Here’s What You Need to Do to Reduce Stress and Increase Productivity


Do you frequently feel stressed and say you do not have enough time to do everything you want? If your answer is yes, you are not alone. Millions of people around the world feel the same because is common at home and at work.

In fact, in the United States alone, eight out of 10 Americans say they feel stressed every day, according to a Gallup survey. Although stress is normal, it doesn’t mean you can do anything to reduce it and improve your productivity.

Gretchen Rubin, a happiness expert and author of “Outer Order, Inner Calm,” said there are simple but effective ways you can do to get things done, feel better and more productive.
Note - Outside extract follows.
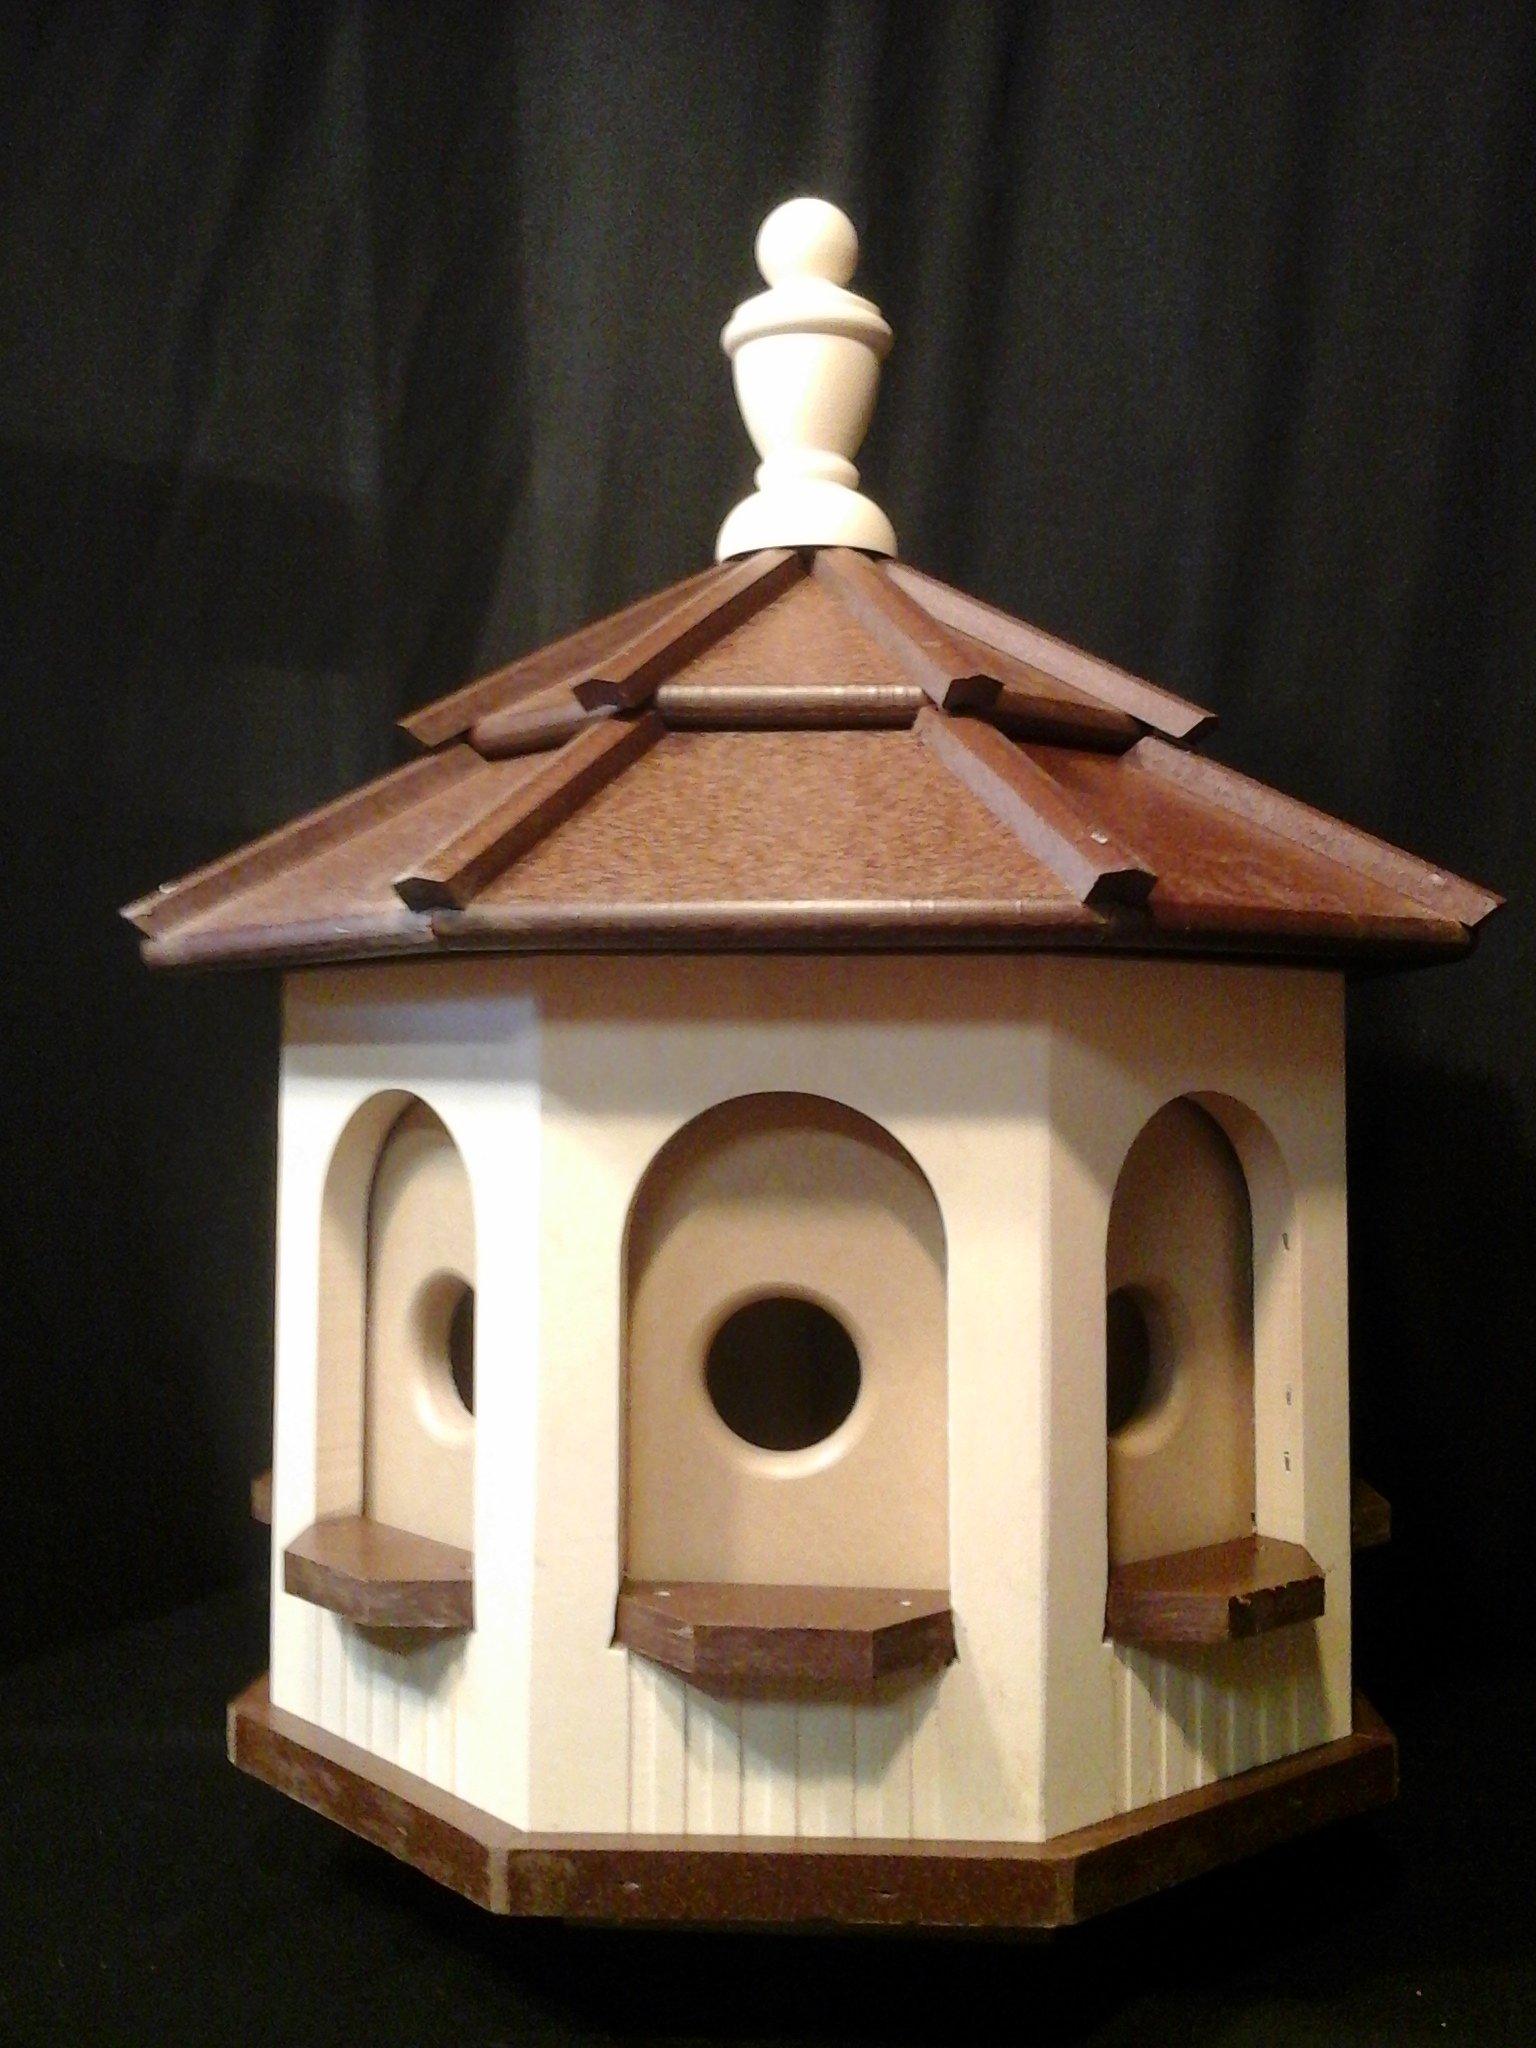 Amish Handcrafted Poly Octagon Gazebo Birdhouse Homemade Handmade Ivory & Brown

Give yourself a power hour every weekend

Rubin told CNBC’s Make It that you must dedicate a Power hour for yourself during the weekend.  According to her, “Give yourself an hour. Power hour is when you set aside an hour on the weekend to do all the things that you’ve been procrastinating about.”

Rubin noted that most people find a way to postpone tasks that can be done at any time. These are normally simple things such as putting back sweaters on the shelf or going to the dry cleaners—chores that can be done with little amount of time.

Indeed, constant procrastination results to building up of unattended chores for “weeks or maybe even months.” When things pile up, you see clutter and feel overwhelmed and stressed.

According to Rubin, “Power hour is a way to keep it manageable especially for people who are super busy and don’t want to spend the entire afternoon of one of their precious weekend days clearing clutter.”

She added, “It’s amazing what we can do in an hour. In fact, we often over emphasize or over estimate what we can do in a short amount of time like a day or weekend. But then we underestimate what we can get done if we do a little bit of work consistently over the long term. So you may think, I don’t have six hours on Saturday to spend dealing with this, so it’s not even worth doing it anything at all. But if did power hour for a month, you would be amazed how much you can get done just this little bit at a time if you do it consistently over the long-term.”

Make it a habit to “keep up than to catch up”

In her book, Rubin wrote that it is important that you write down all the “unpleasant chores” you want to accomplish. Every week, make sure to set a time to get the things done on your list. She stressed, “Little by little, we can get a lot accomplished,” she says.

Furthermore, Rubin stated that to try your best to keep things organize or minimize making a mess to keep our week less stressful.

According to her, “One thing to remember is that it’s easier to keep up than to catch up. So do as much as you can do along the way that’s going to make it more pleasant for you as you go through your work week. That’s going to make less work for you on the weekend.”

“If you can steal yourself and take a few minutes and clean as you go, you’re going to feel better during the work-week, and then you can have less work on the weekend.”

In other words, stop procrastinating because it is a negative habit that makes your life stressful and less productive.